# Instructions for the task:
Please return the full listing exactly as written, with the images removed.
____ Data block
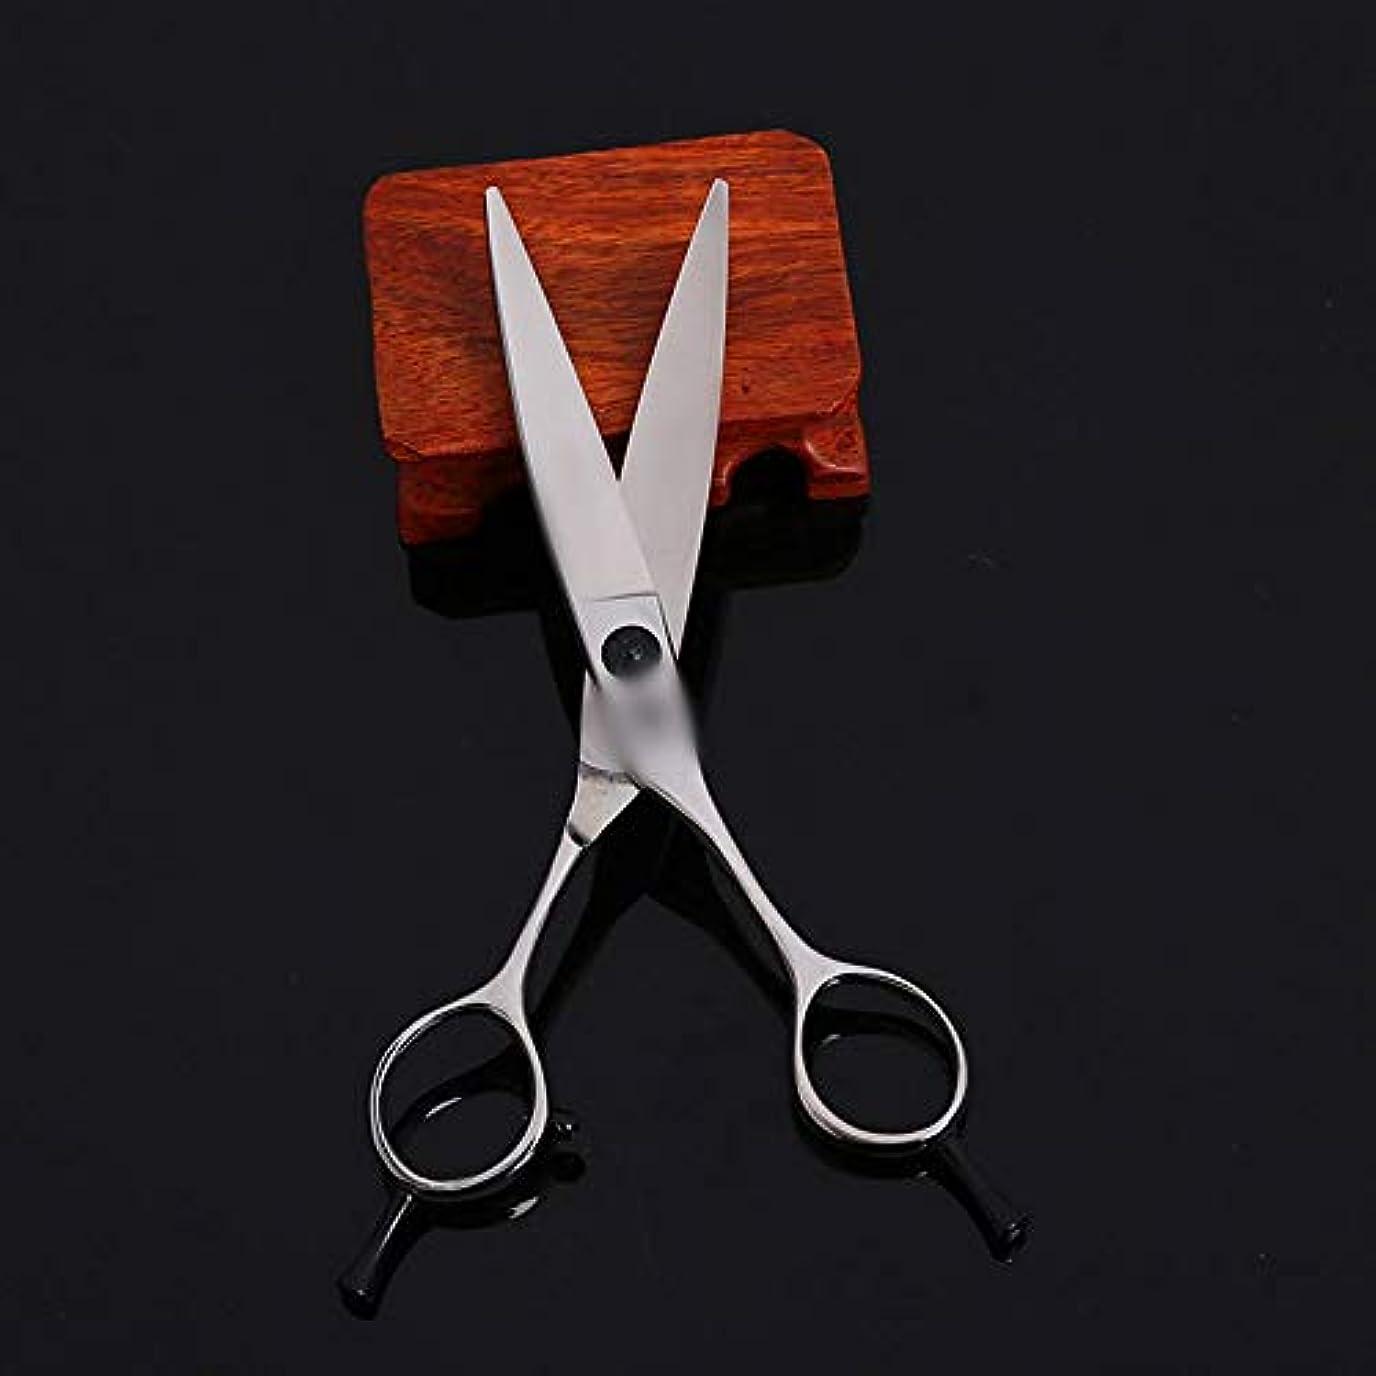 十残るぐるぐる6インチ美容院プロフェッショナル理髪はさみハイエンド理髪ツールカーリングはさみ モデリングツール (色 : Silver)
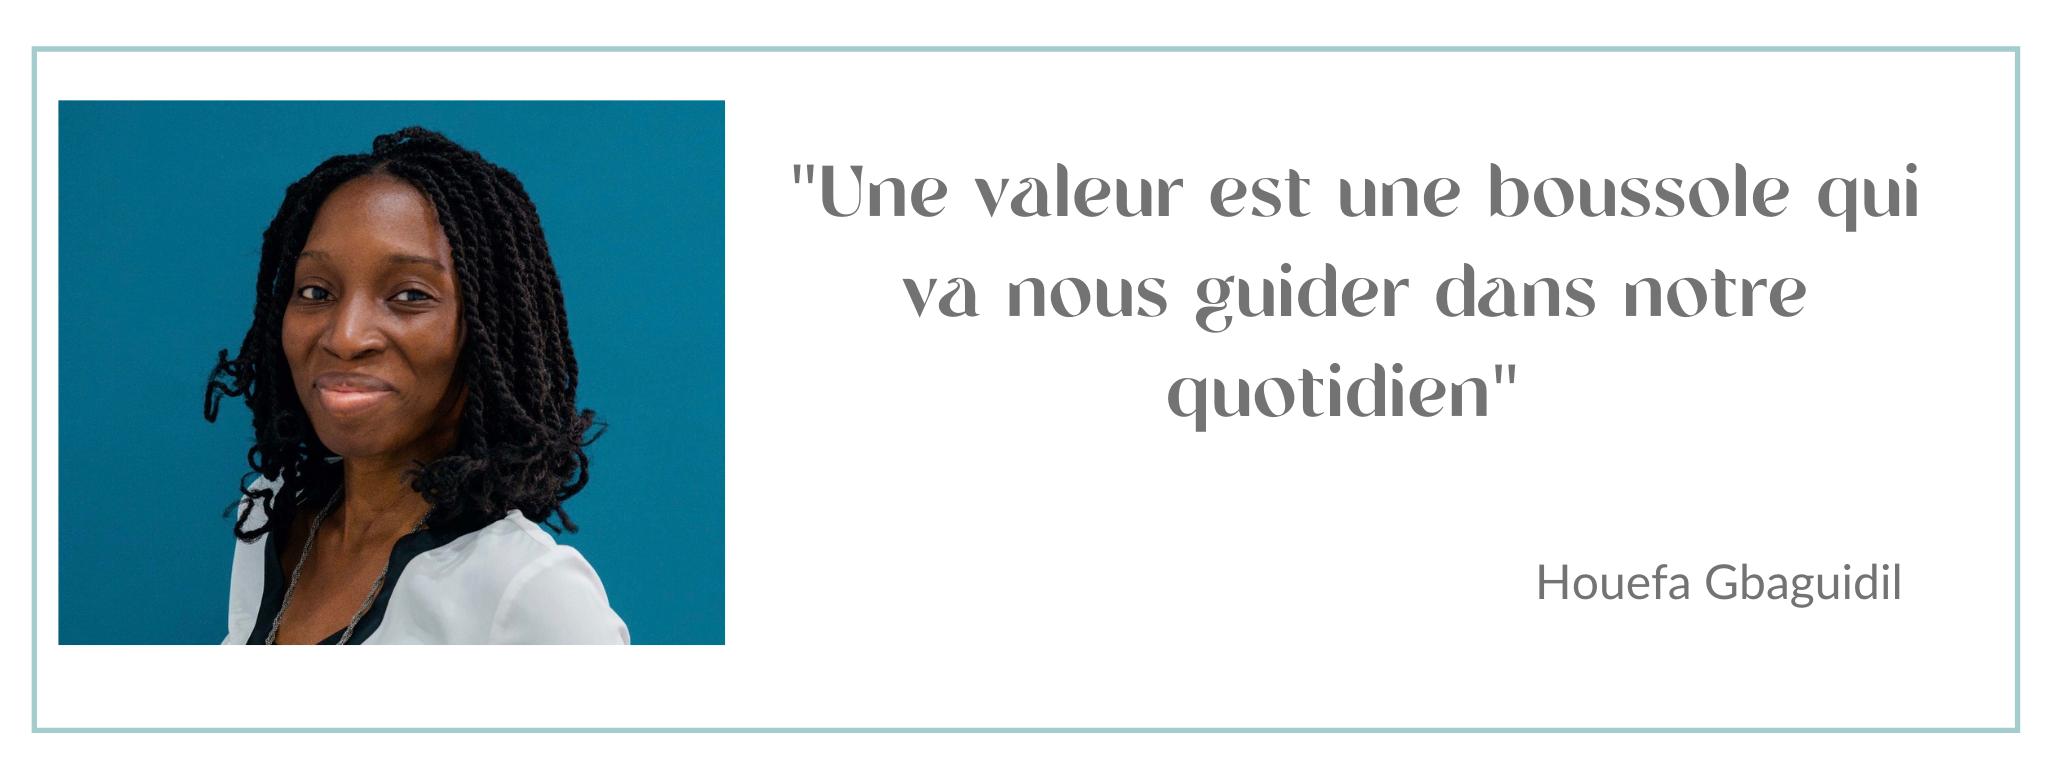 Construire un projet professionnel aligné avec ses valeurs avec Houefa Gbaguidi
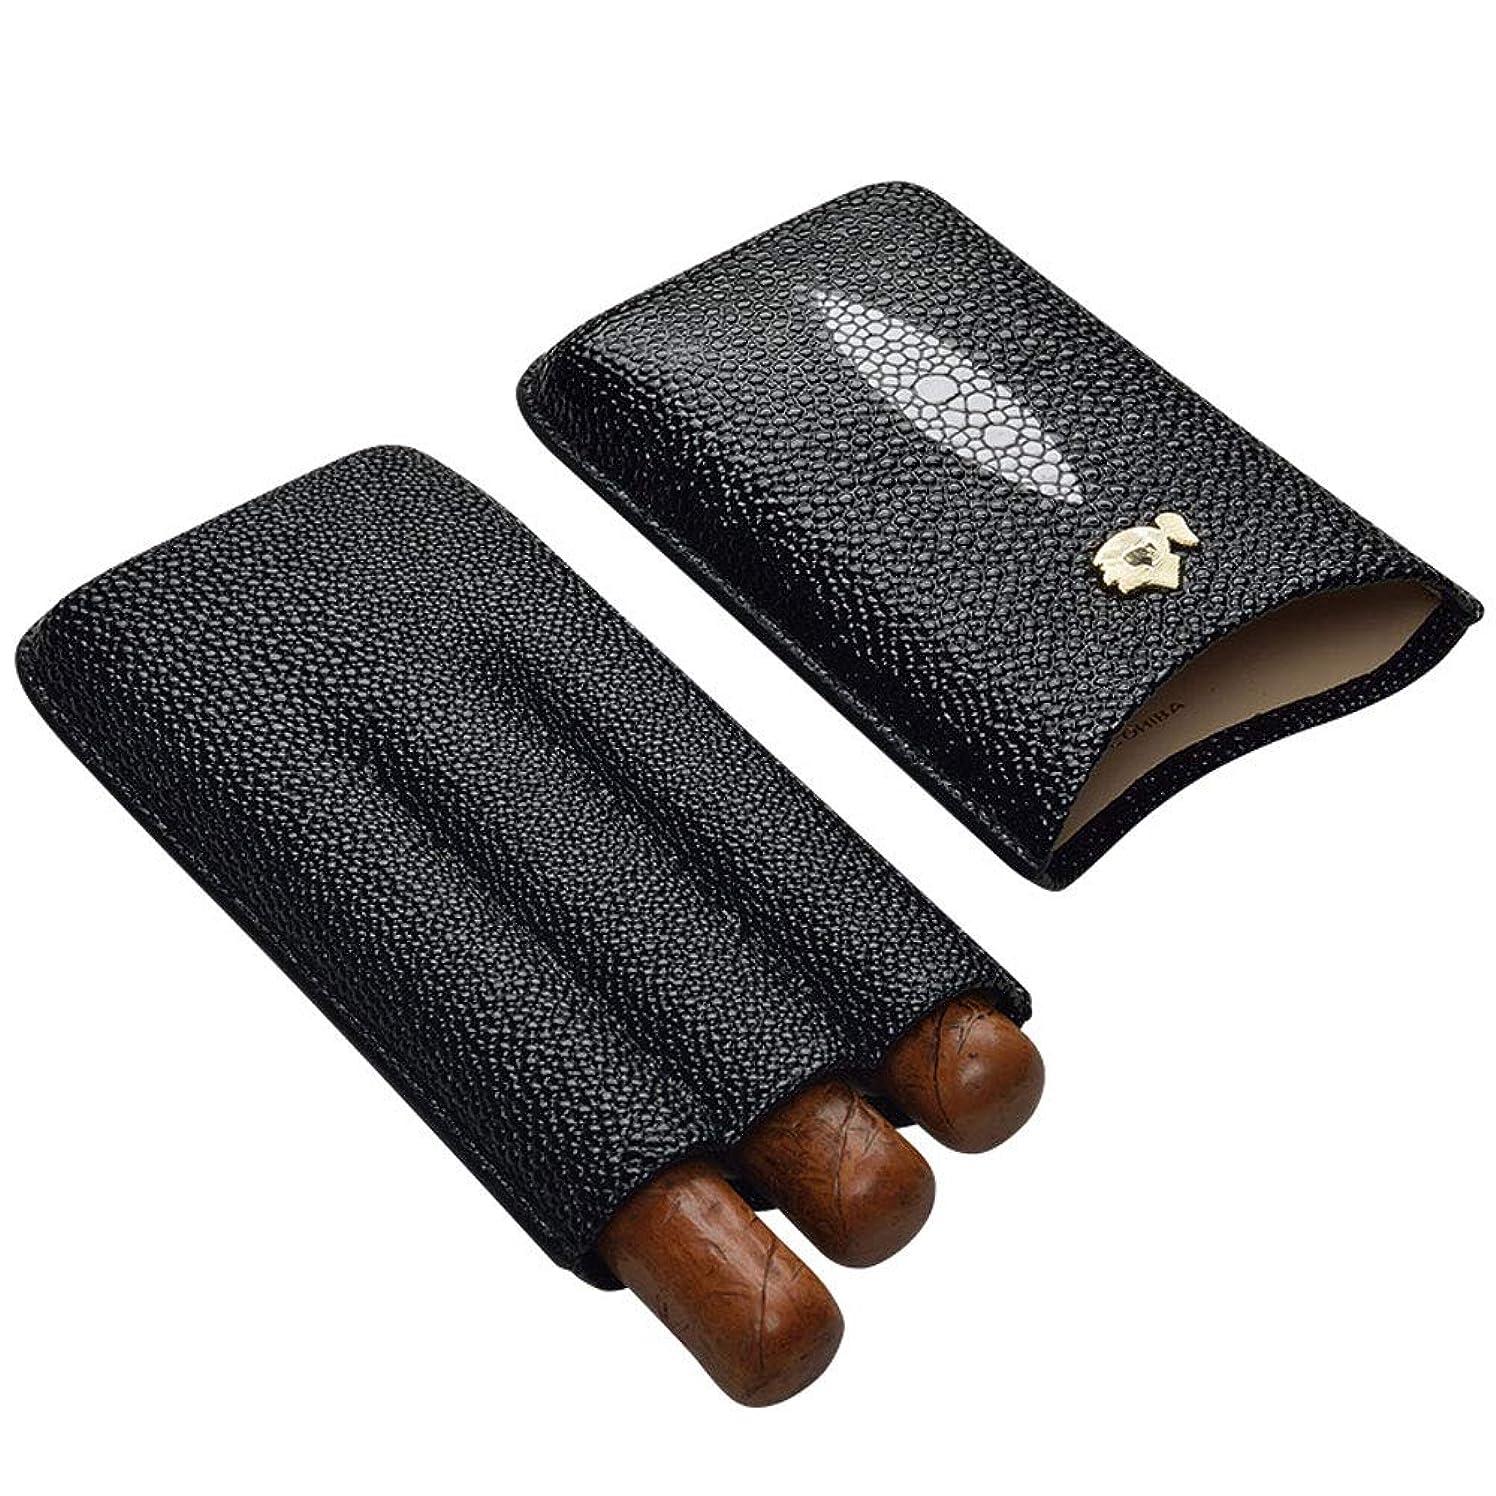 センサー略語囲まれたシガー本革収納ボックス 携帯便利 多機能 シガーボックス 葉巻ケース 喫煙具 灰皿タバコケース ヒュミドール ( 3本)
________
# Solution:
 十残るぐるぐる6インチ美容院プロフェッショナル理髪はさみハイエンド理髪ツールカーリングはさみ モデリングツール (色 : Silver)
 Construire un projet professionnel aligné avec ses valeurs avec Houefa Gbaguidi
 センサー略語囲まれたシガー本革収納ボックス 携帯便利 多機能 シガーボックス 葉巻ケース 喫煙具 灰皿タバコケース ヒュミドール ( 3本)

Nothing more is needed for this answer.